Затем подготовьте морозильные запасы клеток и храните их при температуре минус 80 градусов по Цельсию, как указано в текстовом протоколе. В этом исследовании, S.Cerevisiae и S.Paradoxus спариваются, чтобы сформировать стерильный гибрид, который подвергается транспонированию на мутагенез. Каждый мутагенизированный клон является гемизиготой, диплоидным гибридом, в котором нарушается один аллель одного гена.

Гемизиготы соревнуются при высокой температуре, и ДНК изолирована от каждой культуры. ДНК уклоняется и лигатирована к адаптерам, а соединение между транспосоном и геномом усиливается с помощью транспосон-специфической грунтовки и адаптера-специфической грунтовки. Подсчитывая количество секвенирования, читайте подсчеты из ампликона, сообщайте о пригодности клона в популяции.
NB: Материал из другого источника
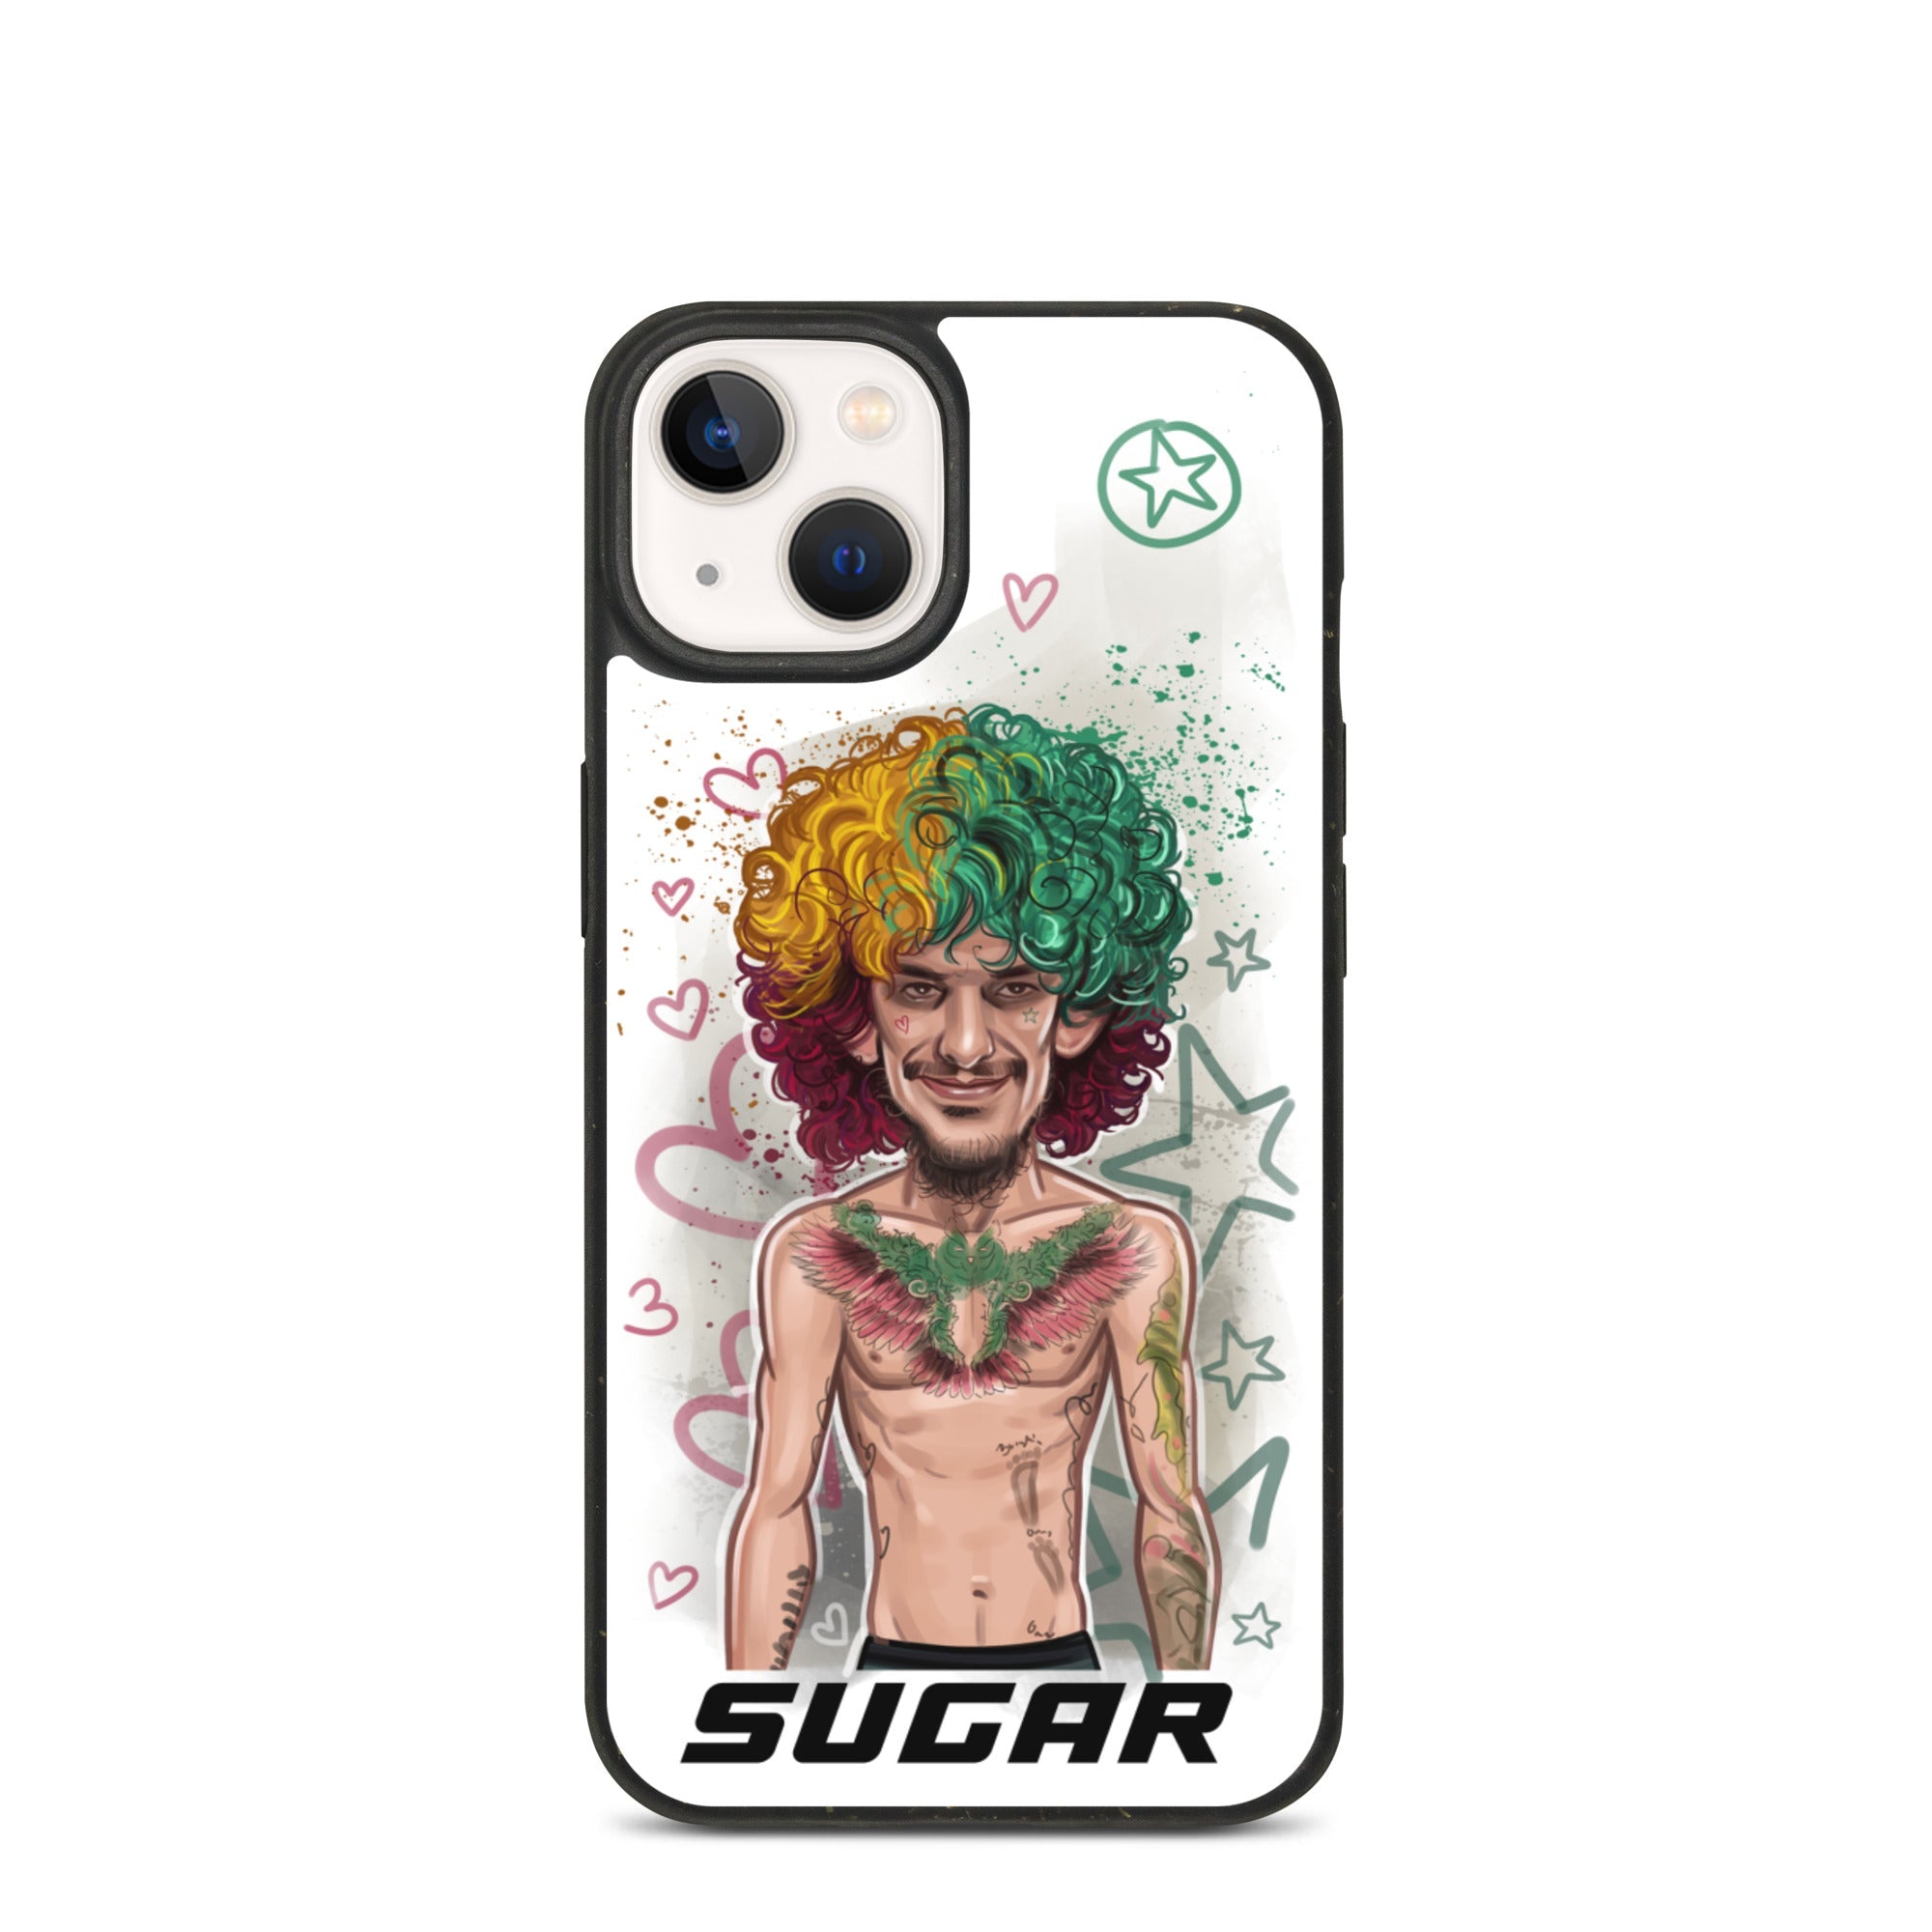 "Sugar" Sean O'Malley Speckled iPhone Case (Joker Version) Mobile Phone Cases
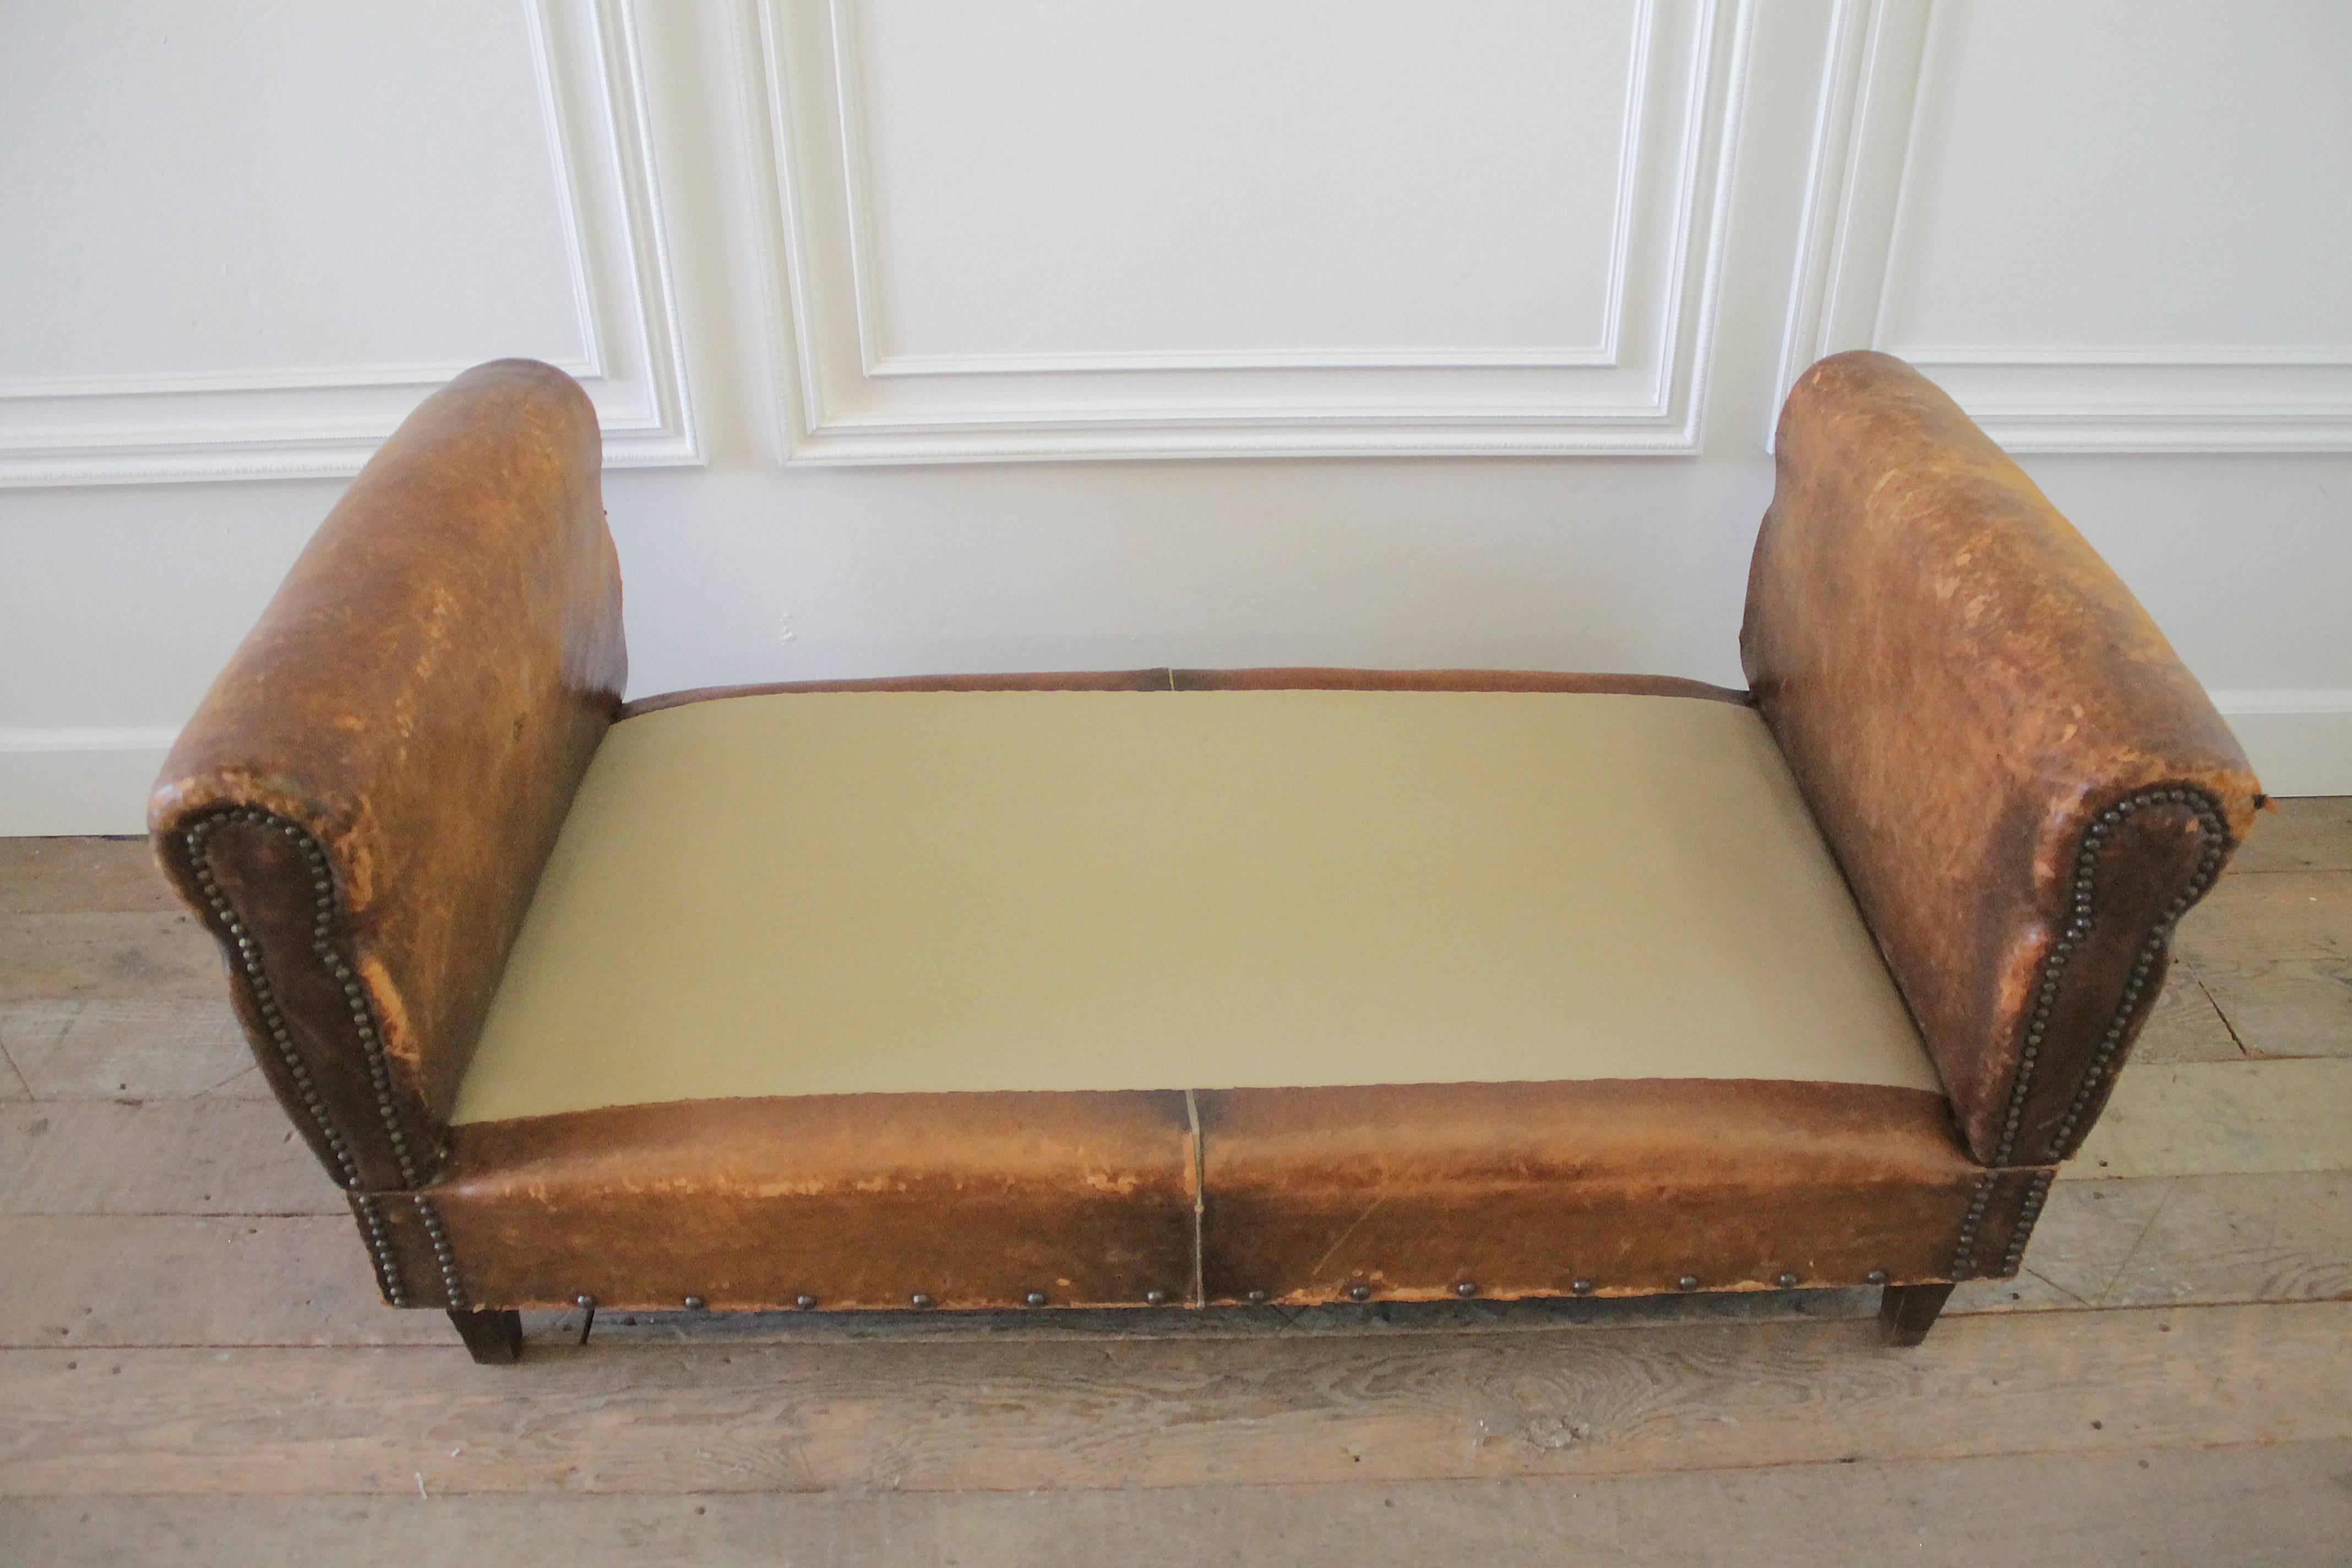 Down Antique French Leather Drop Arm Daybed Sofa with French Mattress Ticking

С результатами в руке от этого sequencing, обилие hemizygote для, котор дали гена, можно сравнить на 2 температурах между 2 типами hemizygotes. Клоны, где только аллель S.Cerevisiae был диким типом и функциональным, и клоны, полагаясь только на аллель S.Paradoxus. В этой репрезентативной реализации, сильные сигналы обнаруживаются на восьми генах домашнего хозяйства.

В каждом случае, транспосонные вставки в аллель S.Cerevisiae в гибриде, скомпрометировали рост при высокой температуре. Эти низкоси представлены кандидат детерминанты термотолерантности черта, которая отличает S.Cerevisiae от S.Paradoxus. Теперь, когда мы завершили этот эксперимент, мы можем вскрыть другие черты, которые отличаются между этими видами, как холодная или соленая толерантность.